The story content is good, i enjoyed guessing what was actually there: At first i thought it was necrons because of the broken vox, then dark eldar because of the bodies, then bloodletters because of blood...etc etc. However, I now know who/what attacked them. I also know what Ave Dominus Nox means but for the story i won't say anything.


----------



## Serpion5 (Mar 19, 2010)

Yeah Deus, you ended up doing it right but you didn`t start that way. That`s what I was pointing out. 

Ave Dominus Nox. Yeah Karak, don`t spoil it.  


Get cracking Sir Mortis, i want to read some more.


----------



## Deus Mortis (Jun 20, 2009)

Yes Sir, Mr Serp! Once again, comments and criticisms are appreciated k:

*Chapter Two: Faith*

_"Faith is the substance of things hoped for, and the evidence of the things unseen"_
Attributed to the False Prophet Paul of ancient Terra.

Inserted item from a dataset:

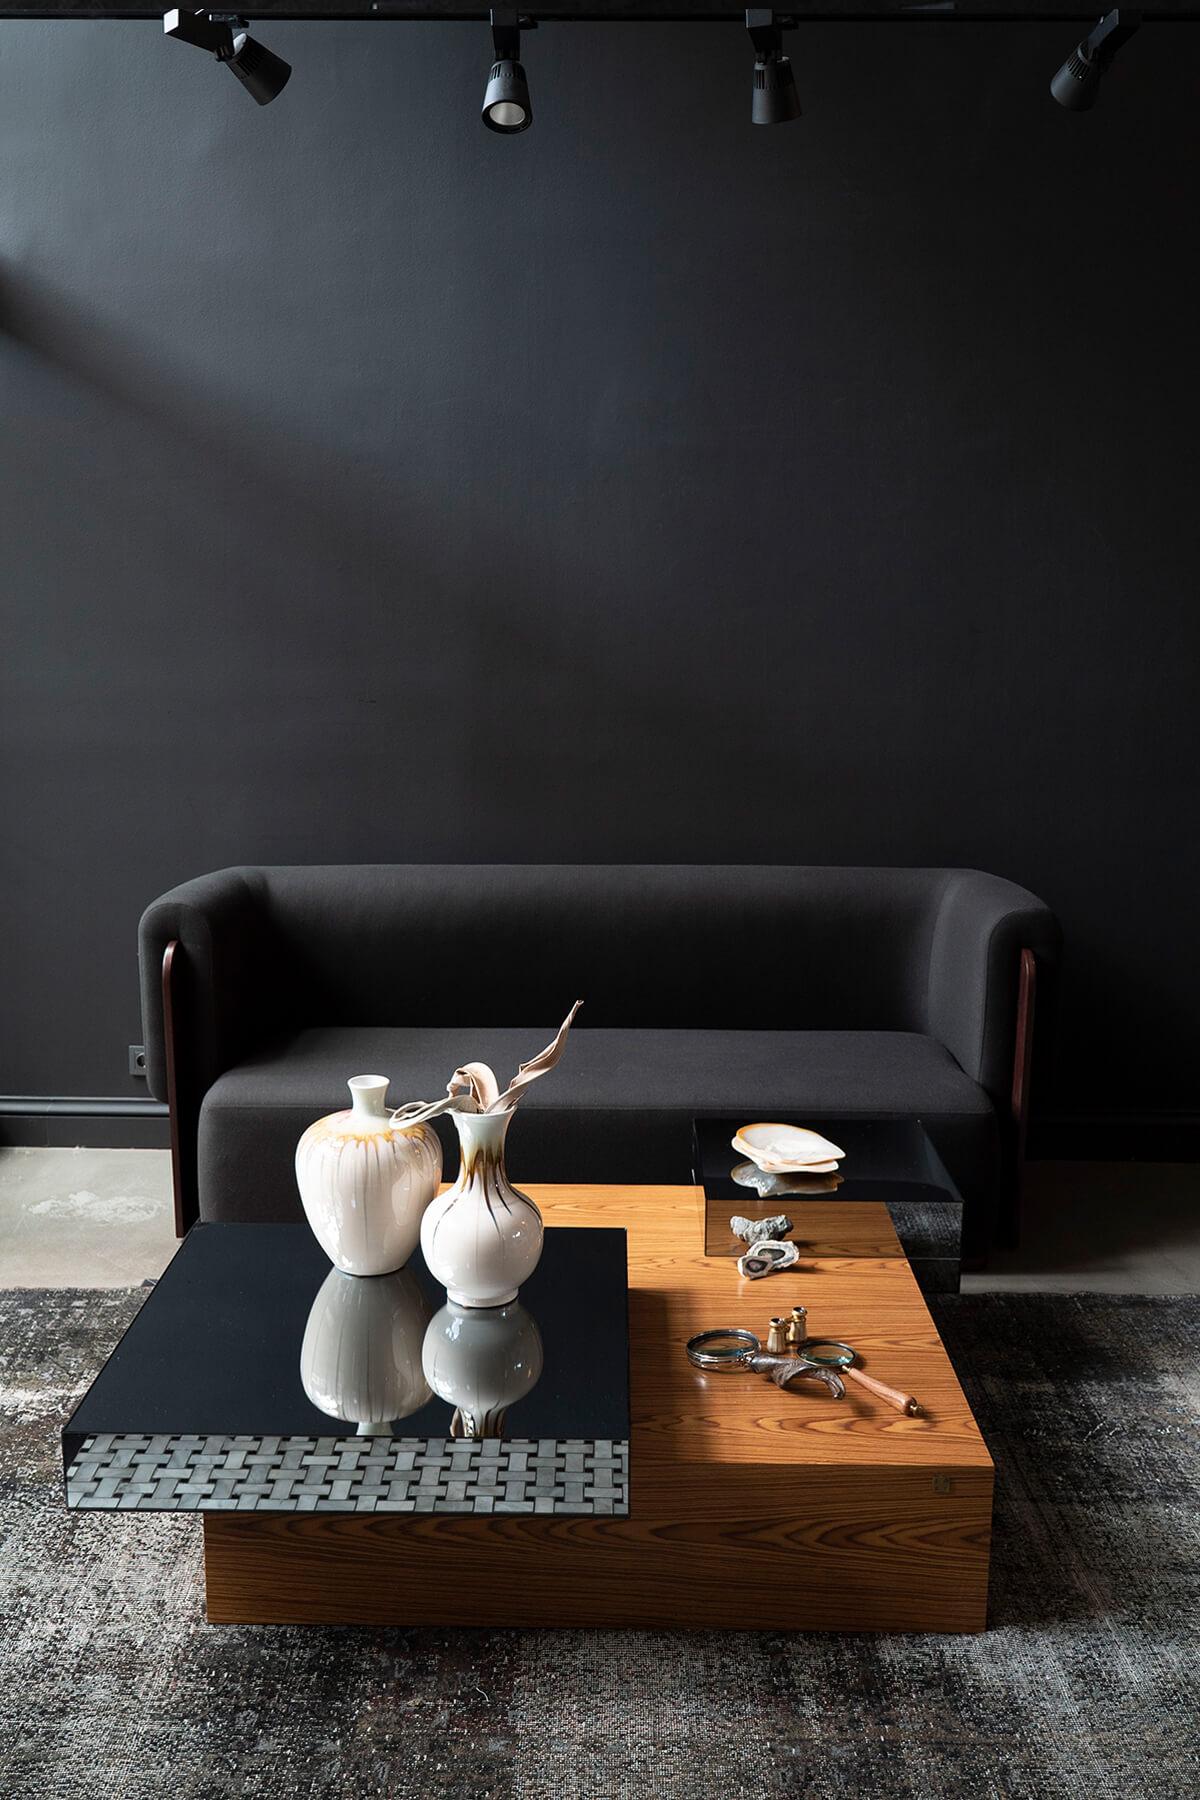 Der TUNÇ COFFEE TABLE ist ein Favorit der Fans geometrischer Formen und zieht durch die Verwendung verschiedener MATERIALIEN und Farbpaletten die Aufmerksamkeit auf sich. Sein Design, das ein Gefühl von Bewegung und Erkundung vermittelt, ist der

_"FEAR is an acronym in the English language for "False Evidence Appearing Real"_
Attributed to Neale Donald Walsch of ancient Terra​
Preacher Alkrin has just finished his preach on right living in the eyes of the Emperor. He had diligently reminded the gathered congregation that the Emperor saw all. He had informed them that any laxity to Imperial law and disobedience of the rules set down by the the planetary governor would make them guilty in the sight of their lord and master. He had of course reinforced the necessity for prayer and supplication for those who do the Emperor's will. He informed them that miracles of faith were still possibly in their daily lives, if they only believed. And, with a final appeal for any information about mutants, psykers or heretics amongst them, Alkrin dismissed them back to their individual abodes. 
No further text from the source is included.